● MATERIAL SUPPLIED:
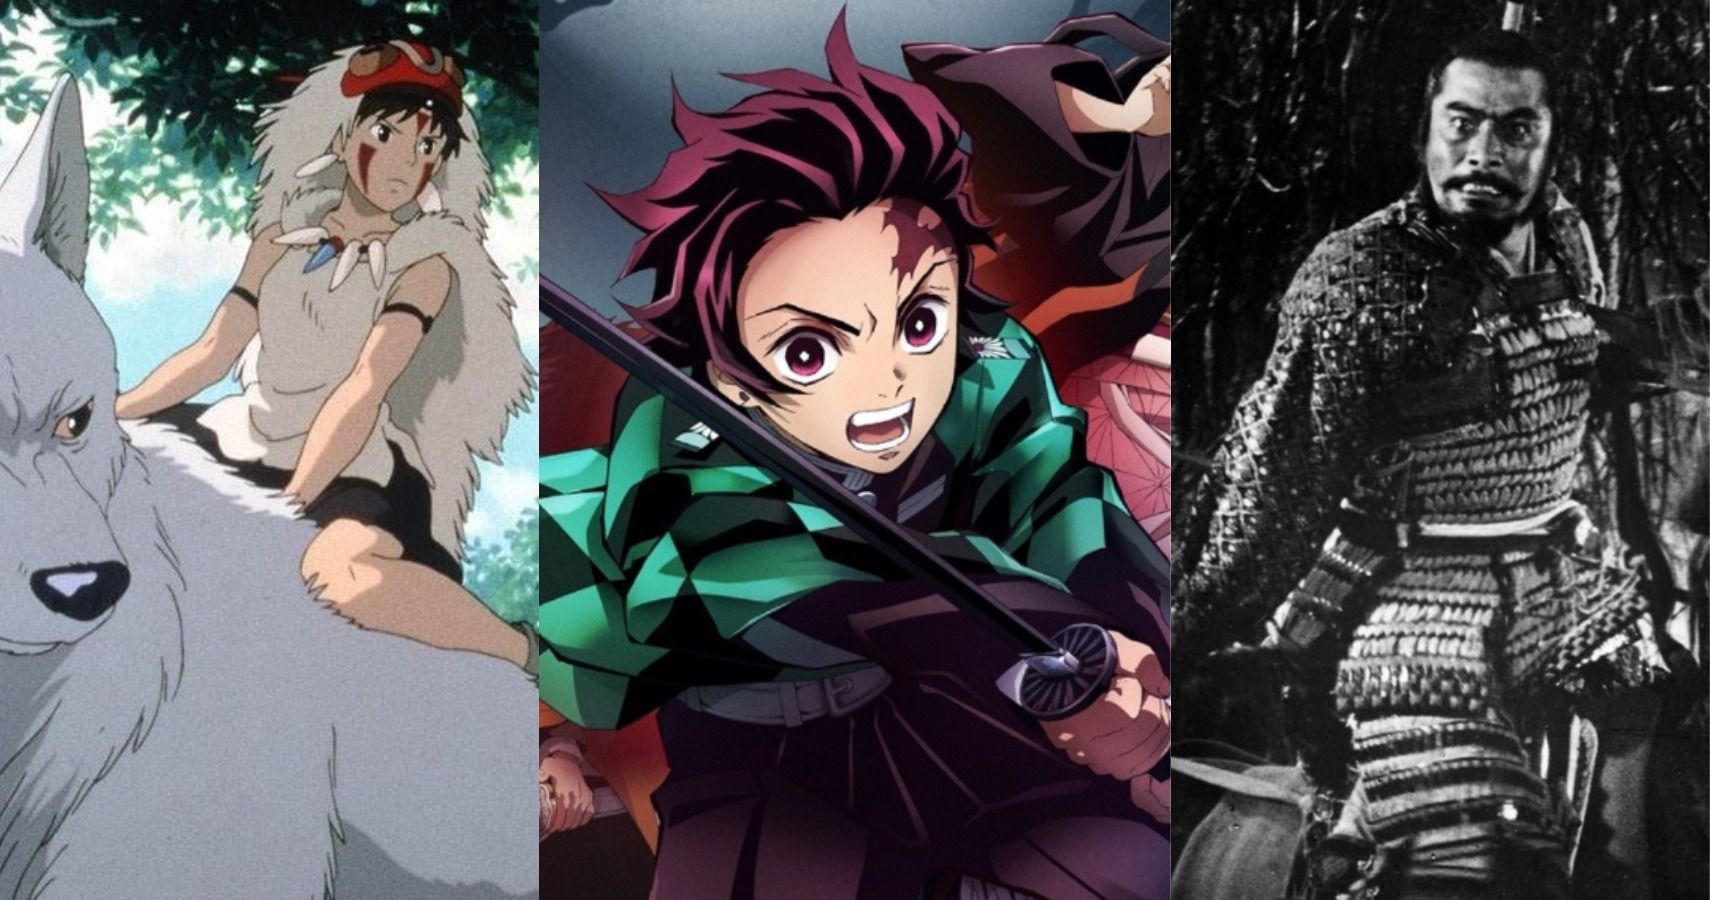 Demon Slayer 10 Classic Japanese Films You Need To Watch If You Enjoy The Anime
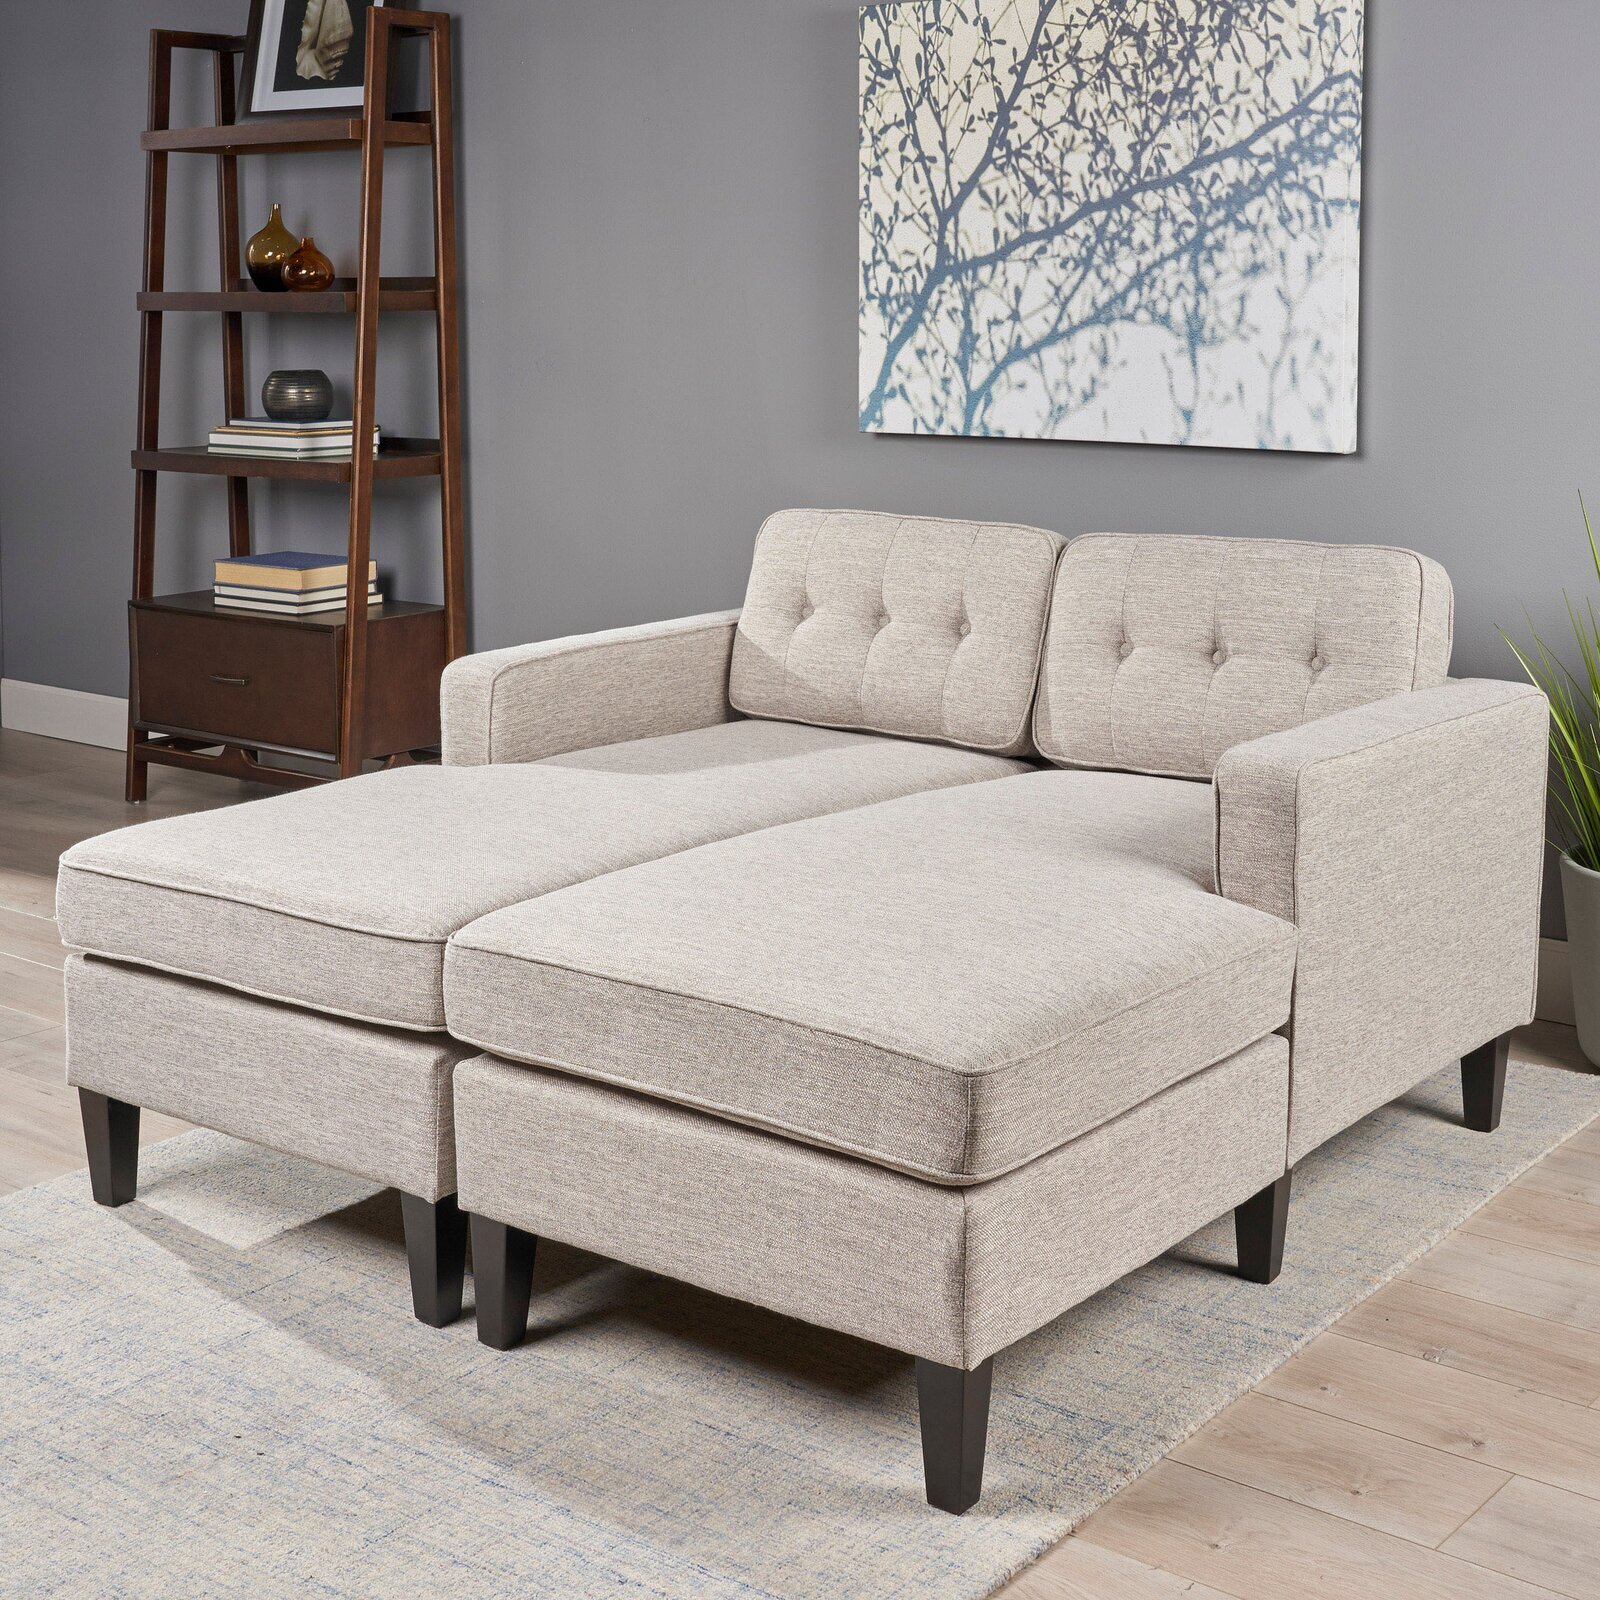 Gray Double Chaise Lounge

--

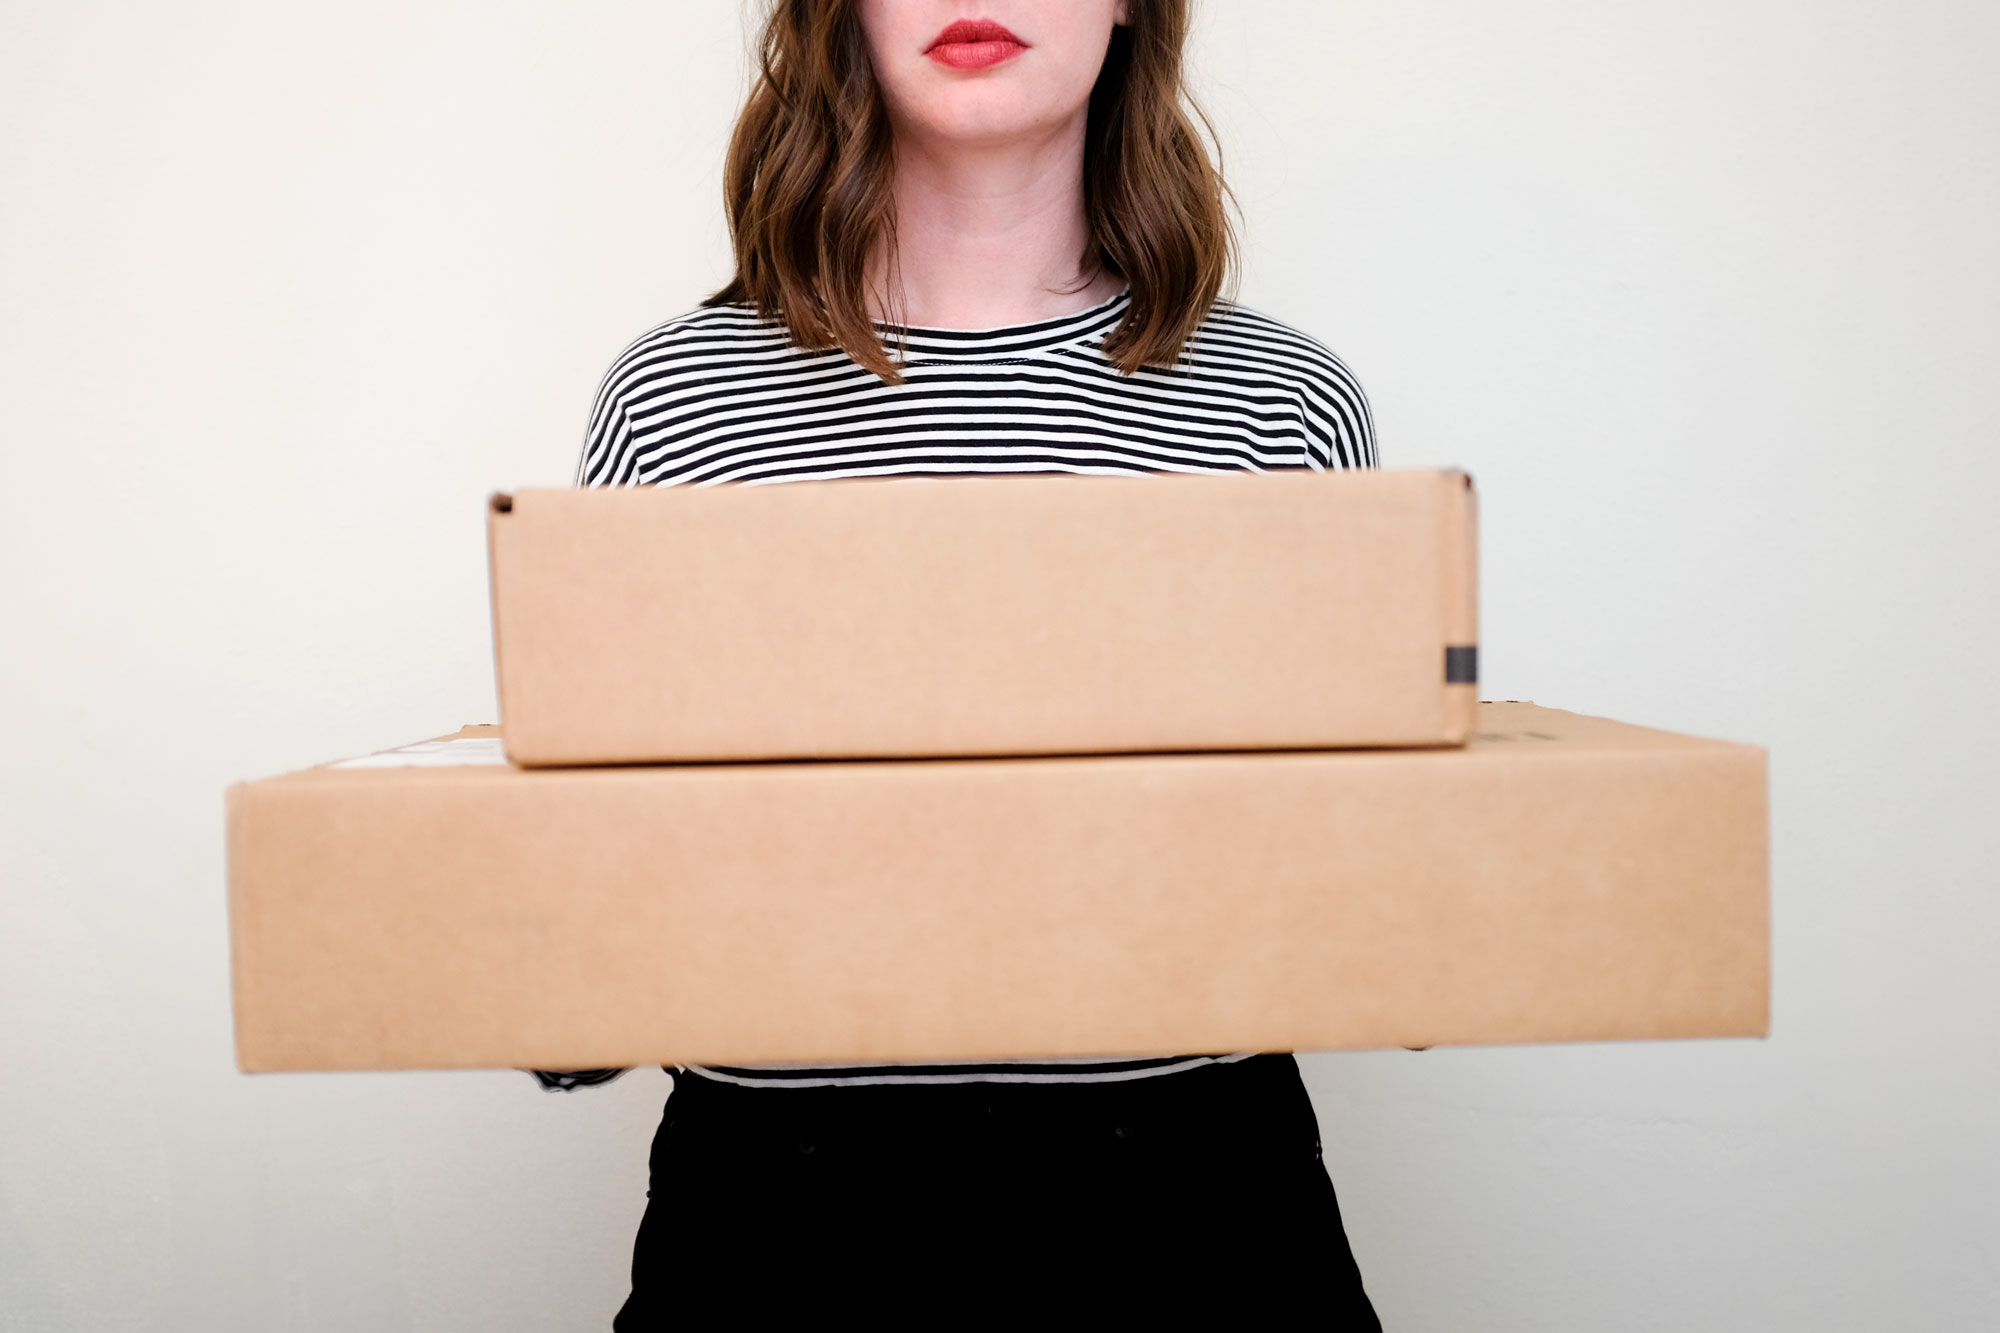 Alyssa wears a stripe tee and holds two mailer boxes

● TASK DESCRIPTION:
In the listing above, find the line containing "Demon Slayer 10" and the line containing "Gray Double Chaise Lounge". Print those two lines and every line between them exactly, with no pictures.

● ANSWER TO THIS EXERCISE:
 Demon Slayer 10 Classic Japanese Films You Need To Watch If You Enjoy The Anime
 Gray Double Chaise Lounge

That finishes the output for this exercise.